When Should You Optimize?

Many developers optimize too early.

My recommendation:

Optimize when:

Queries become slow

Data volume grows

APIs become slower

Users start noticing delays

Measure first, optimize second.

Do not optimize blindly.


Final Thoughts

Database performance has a huge impact on application speed.

A well-written query on a small server can outperform a poorly written query on a powerful server.

Most MySQL performance problems come from:

Missing indexes

Poor query design

Loading unnecessary data

Ignoring query analysis

By applying these optimization techniques, you can significantly improve the performance of Laravel applications, APIs, ERP systems, ecommerce platforms, and SaaS products.
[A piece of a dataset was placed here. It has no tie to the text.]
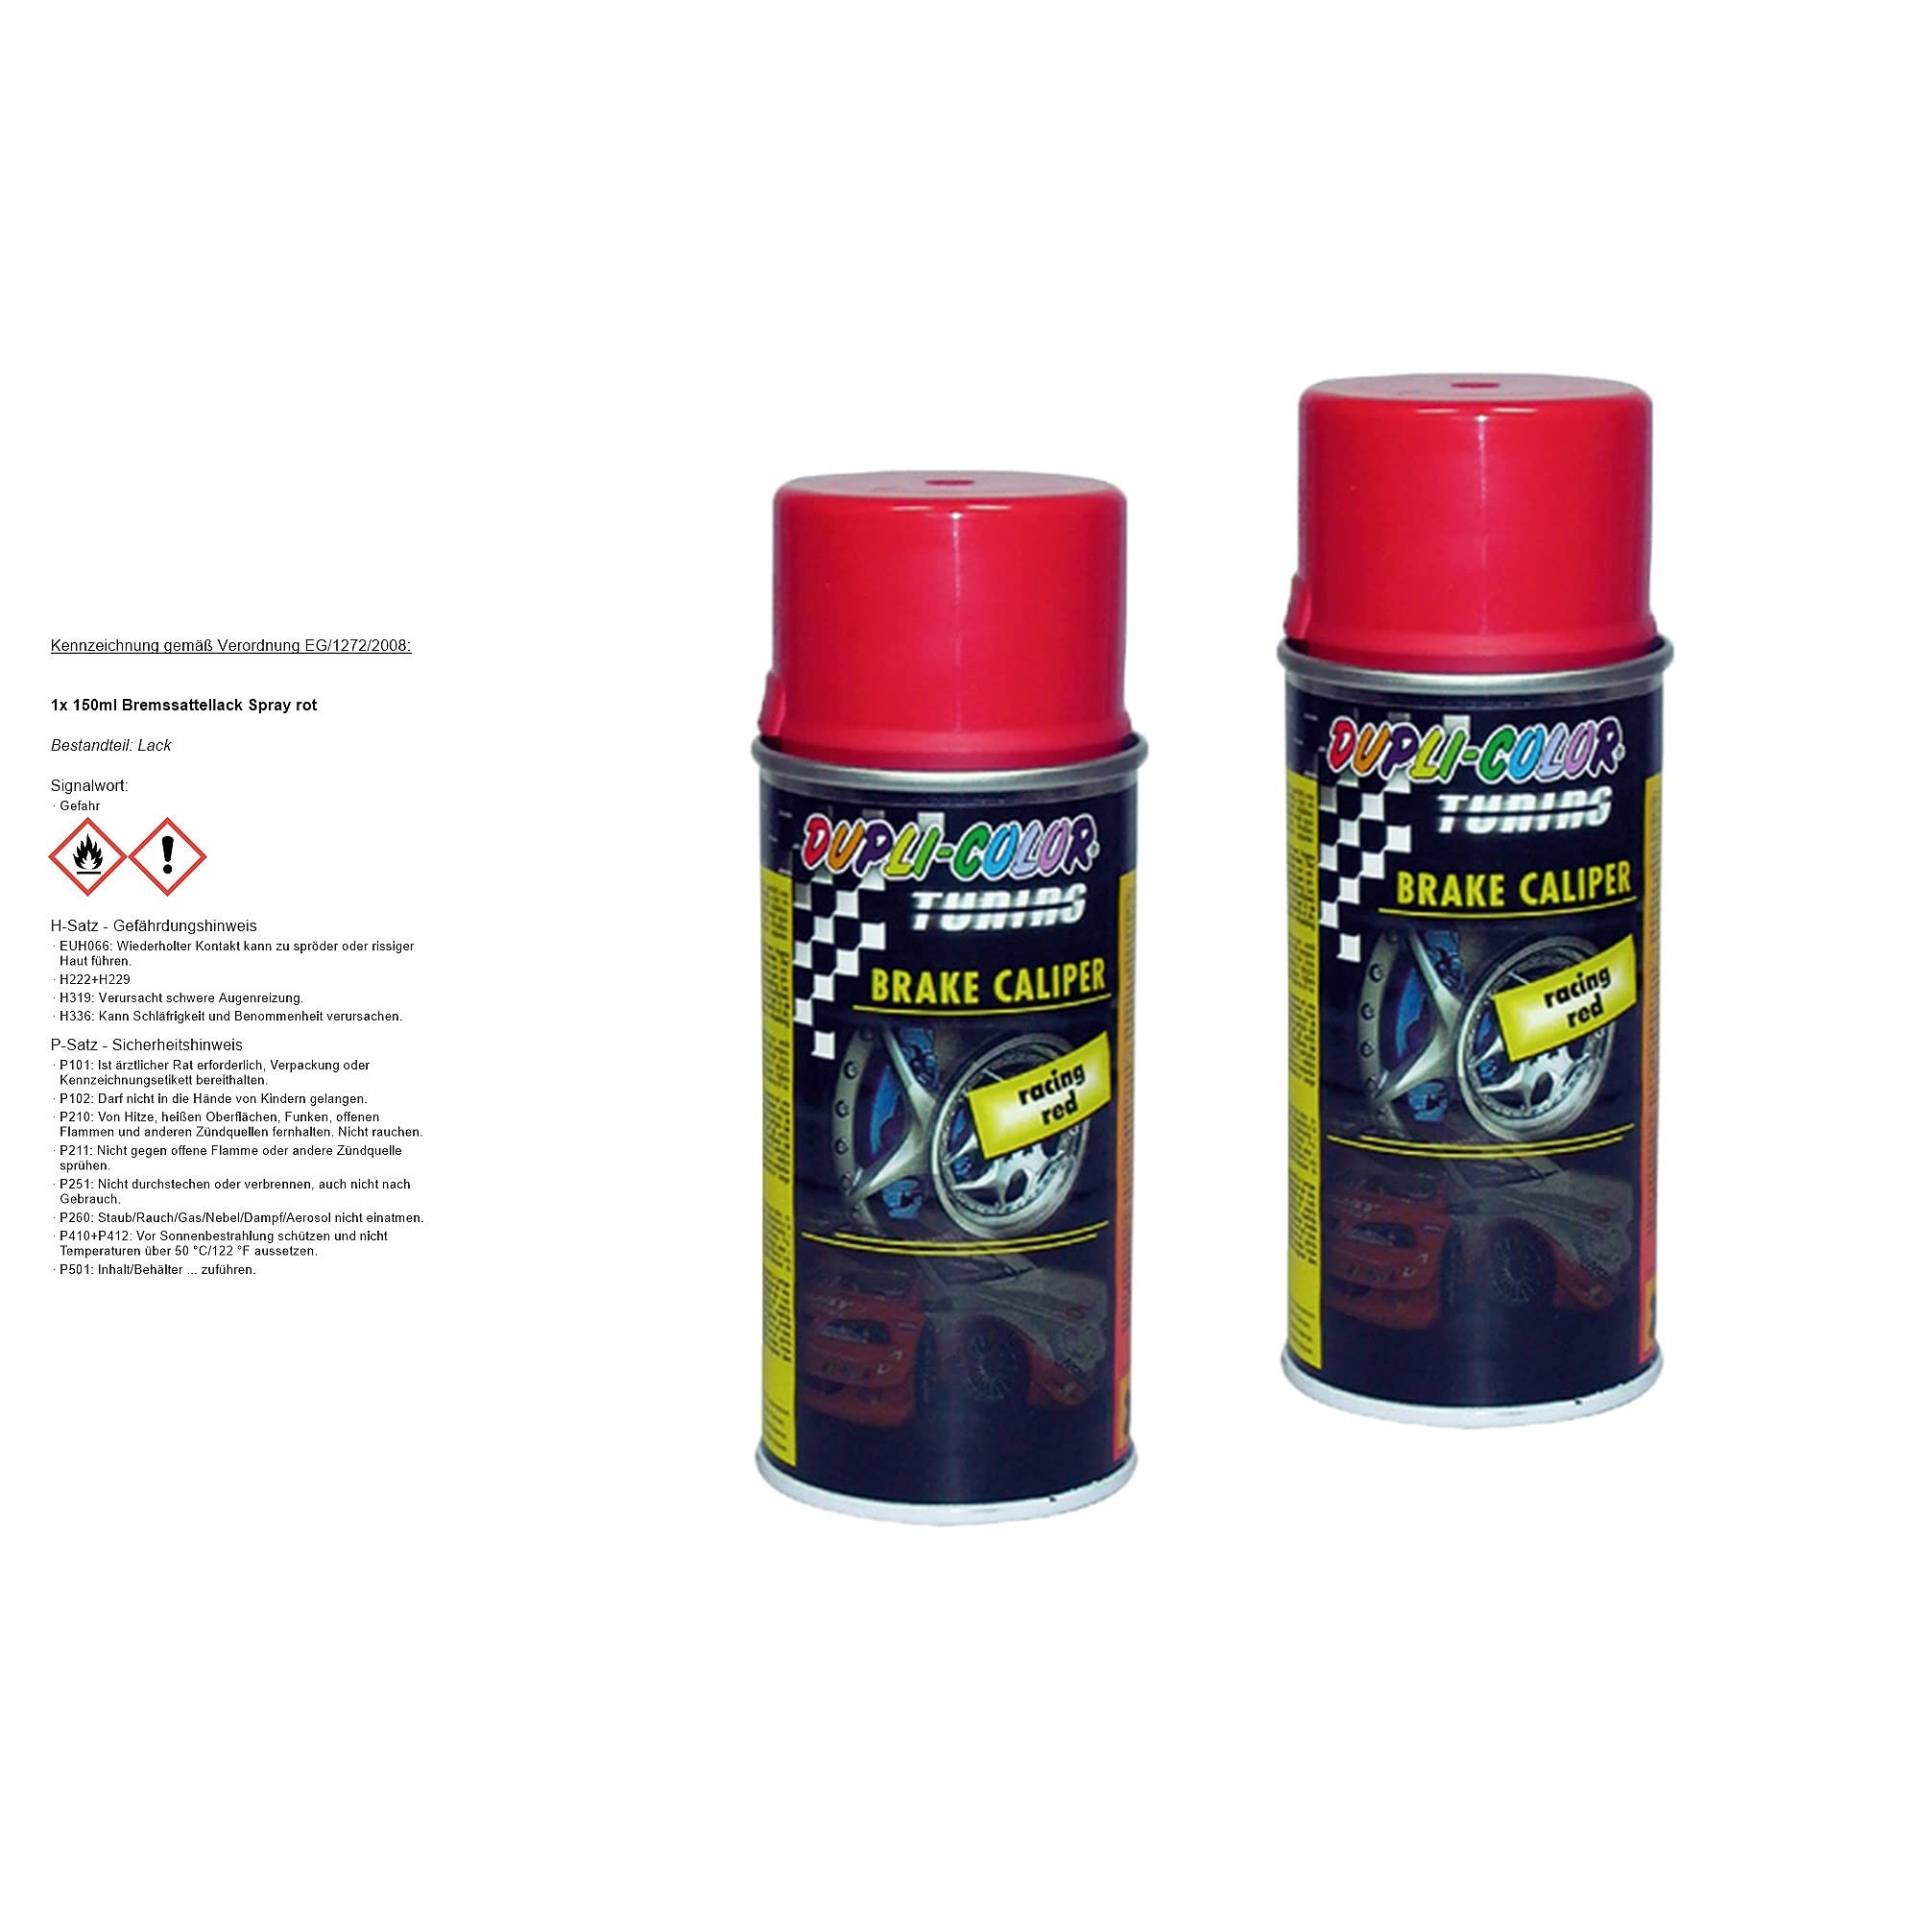 DUPLI COLOR 2x 150ml Bremssattellack Spray rot von Dupli Color

Even small improvements at the database level often produce noticeable improvements throughout the entire application.

Frequently Asked Questions

What is the most important MySQL optimization technique?

Creating proper indexes is usually the biggest performance improvement.

Is SELECT * bad?

In most cases, yes. Only select the columns you need.

What does EXPLAIN do?

It shows how MySQL executes a query and helps identify performance problems.

How many indexes should a table have?

Only create indexes that are actually needed. Too many indexes can hurt performance.

Does pagination improve performance?

Yes. It prevents loading large amounts of unnecessary data.

Should Laravel developers learn MySQL optimization?

Absolutely. Database performance directly affects application performance.